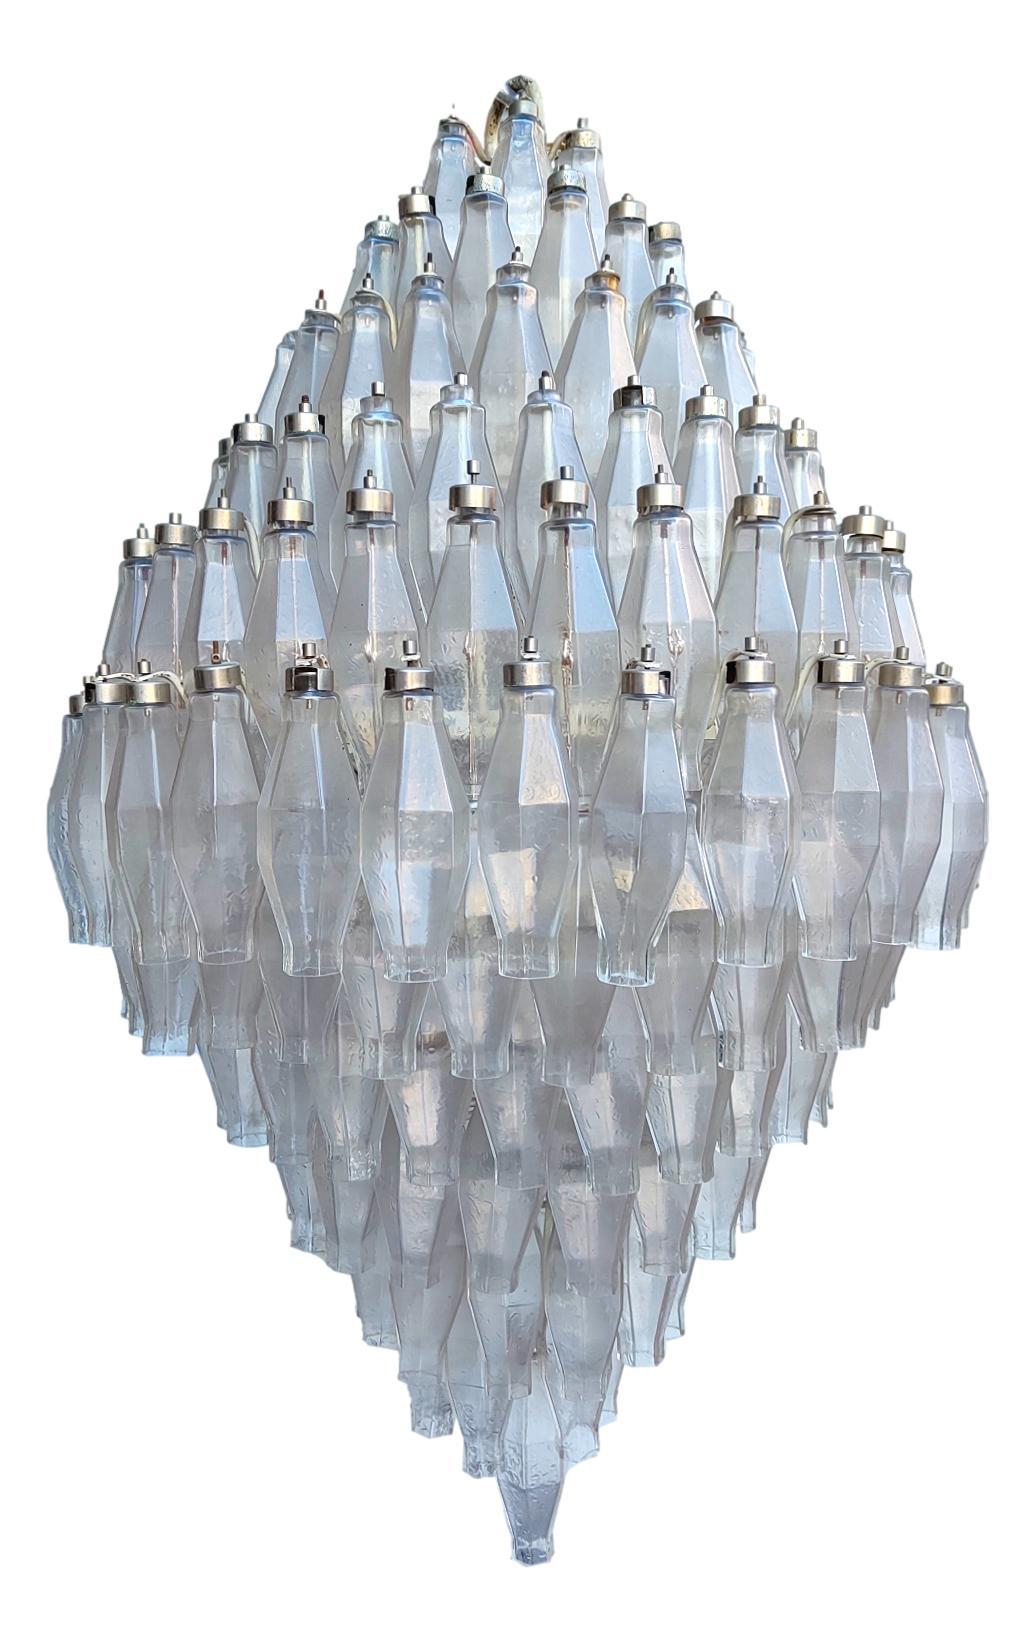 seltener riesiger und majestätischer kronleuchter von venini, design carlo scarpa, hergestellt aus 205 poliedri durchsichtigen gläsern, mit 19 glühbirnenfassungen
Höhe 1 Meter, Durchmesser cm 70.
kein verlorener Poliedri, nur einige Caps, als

...

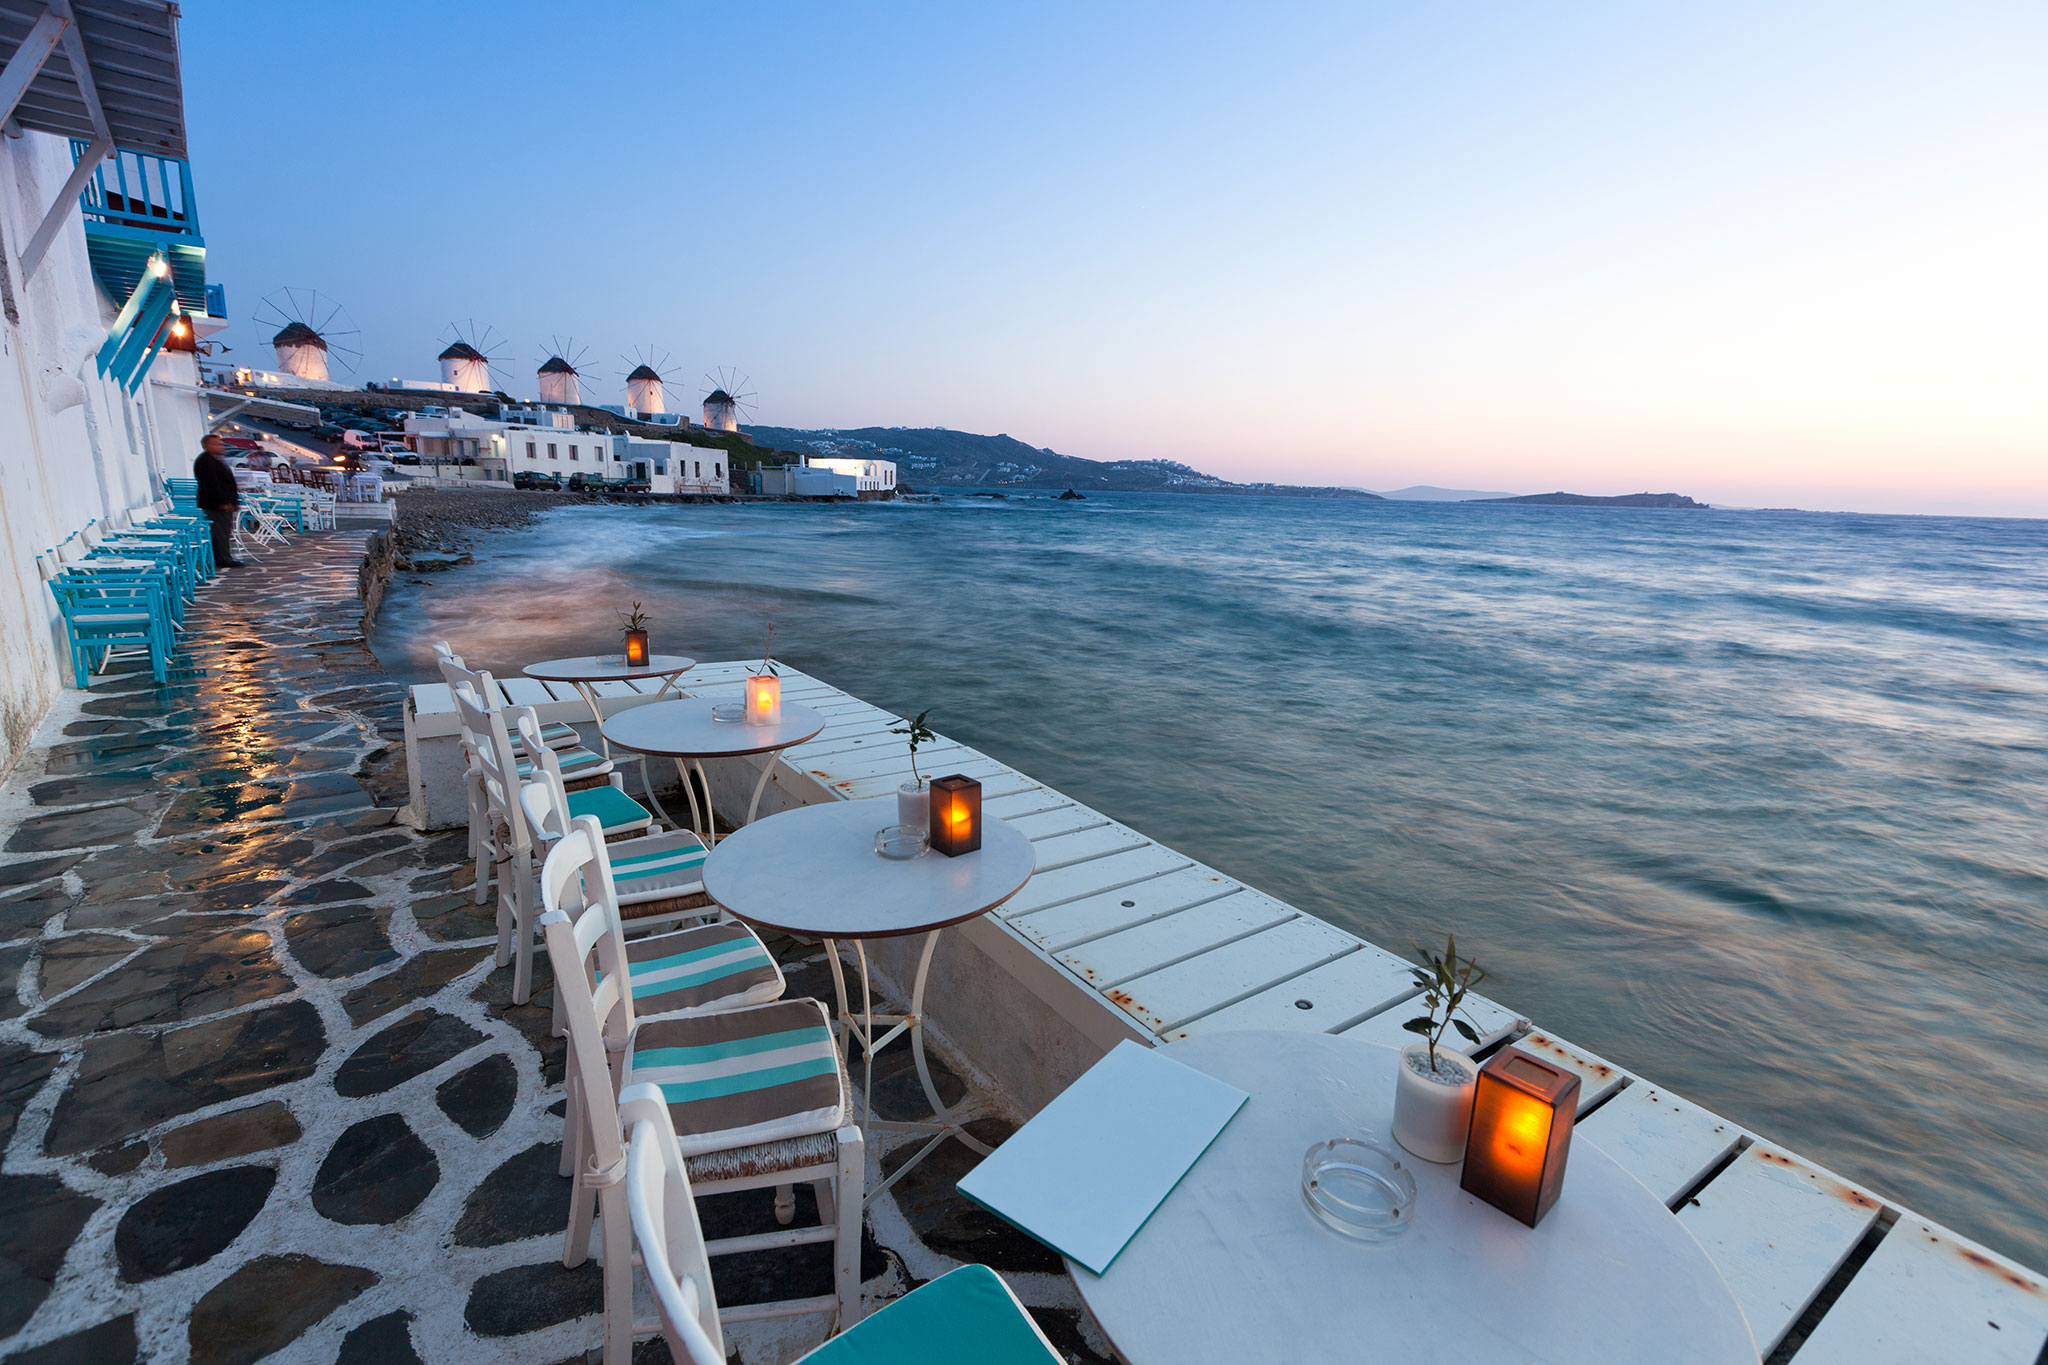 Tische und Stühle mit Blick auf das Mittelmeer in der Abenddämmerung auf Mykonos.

— Task statement —
Above this task is a listing with pictures in it. Retype only the lines from the one containing "seltener riesiger und" through the one containing "kein verlorener Poliedri, nur", both included, and not the pictures.

— Answer to this problem —
 seltener riesiger und majestätischer kronleuchter von venini, design carlo scarpa, hergestellt aus 205 poliedri durchsichtigen gläsern, mit 19 glühbirnenfassungen
Höhe 1 Meter, Durchmesser cm 70.
kein verlorener Poliedri, nur einige Caps, als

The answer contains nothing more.